L-His-Fe₃O₄ was synthesized by stirring at room temperature for 1 min. Briefly, ferrous chloride and L-His solutions were mixed, followed by the addition of 28% ammonium hydroxide. After stirring at room temperature for 1 min and drying at 60°C, L-His-Fe₃O₄ was obtained (Figure 1a). The yield of L-His-Fe₃O₄ is 36.48%, the morphology of L-His-Fe₃O₄ was observed by transmission electron microscopy (TEM). As shown in Figure 1b, TEM images demonstrated spherical particles of L-His-Fe₃O₄ with a diameter of approximately 20 nm, primarily composed of Fe and O elements. The selected area electron diffraction (SAED) pattern (Figure 1c) of L-His-Fe₃O₄ confirms the apparent diffraction rings, which correspond to the (440) (511) (400), and (311) crystal planes. To confirm the efficiency of the synthesis method, X-ray diffraction (XRD) analysis was used to monitor the crystal phase at different reaction times. As shown in Figure 1d, the diffraction peaks of the product at 1 min aligned well with those of Fe₃O₄ (PDF#19–0,629). After 3, 6, and 12 h of reaction, the crystal phase remained unchanged, indicating the high efficiency of the synthesis method. The particle size distribution of L-His-Fe₃O₄ ranged from 200 to 800 nm (Figure 1e), and the zeta potential varied with changes in pH (Figure 1f). The generation of oxygen vacancies (OVs) in L-His-Fe₃O₄ was measured by electron paramagnetic resonance (EPR). The g = 2.003 and the peak with magnetic field at around 3,500 revealed that L-His-Fe₃O₄ possessed at ypical signal of Ovs (Figures 1g, h).

Figure 1

Figure 1. Synthesis and characterization of L-His-Fe₃O₄. (a) The preparation process of L-His-Fe₃O₄. (b) TEM image and the corresponding element mapping image. (c) HAADF-STEM image. (d) XRD spectrums. (e) Size distribution. (f) Zeta potentials at different pH conditions. (g, h). The EPR spectra of L-His-Fe₃O₄.

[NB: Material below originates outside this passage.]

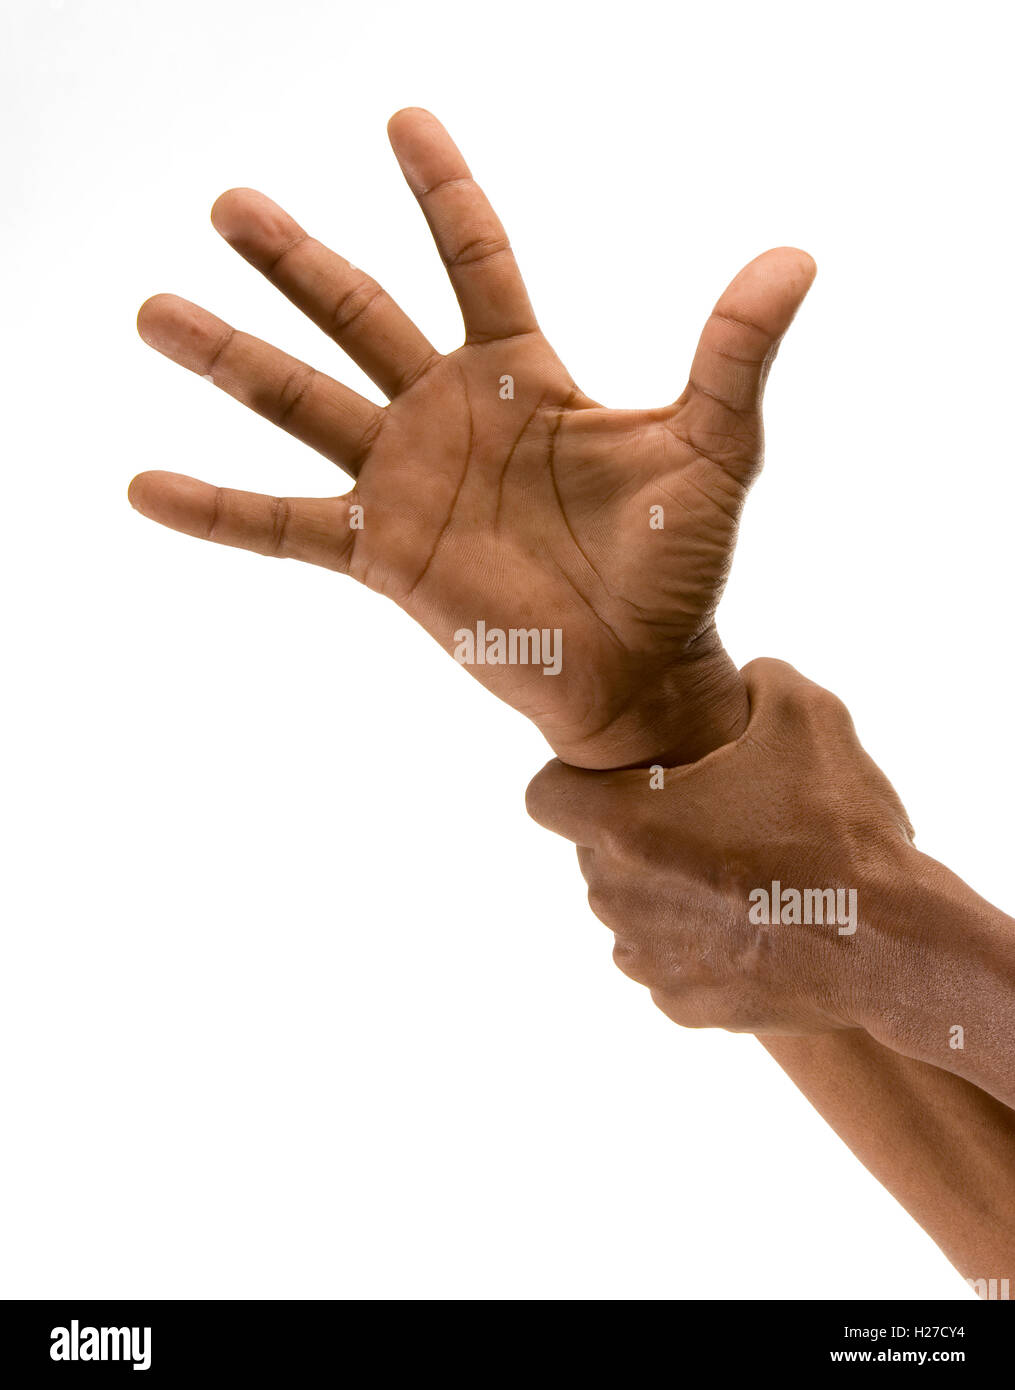 Protest and restraint. African's outstretched hand being gripped at the wrist by another hand. Stock Photo

3.2 Enzyme activity characterization and theoretical calculation

To assess the peroxidase -like activity of L-His-Fe₃O₄, the absorption intensity of the L-His-Fe₃O₄ nanozyme-catalyzed TMB colorimetric reaction at 652 nm was measured (Figure 2a). The absorbance intensity of oxidized TMB (ox-TMB) increased over time. Furthermore, compared with Fe₃O₄, L-His-Fe₃O₄ exhibited higher POD-like activity. The generation of ∙OH radicals was monitored using electron spin resonance (ESR) spectroscopy, and the results (Figure 2b) showed a significant increase in ∙OH signal intensity, indicating that L-His-Fe₃O₄ could effectively catalyze the formation of ∙OH from H₂O₂.

Figure 2

Figure 2. Enzyme activity characterization and theoretical calculation of L-His-Fe₃O₄. (a) Reaction-time curves for the TMB colorimetric reaction catalyzed by Fe₃O₄ and L-His-Fe₃O₄. (b) ESR spectra of hydroxyl radicals generated by H₂O₂, Fe₃O₄, and L-His-Fe₃O₄ + H₂O₂. (c) Electrostatic potential analysis of Fe₃O₄ and L-His-Fe₃O₄. (d) Density of states diagram of L-His-Fe₃O₄. (e) Energy changes during the reaction process of L-His-Fe₃O₄. (f) Reaction pathway diagram of L-His-Fe₃O₄.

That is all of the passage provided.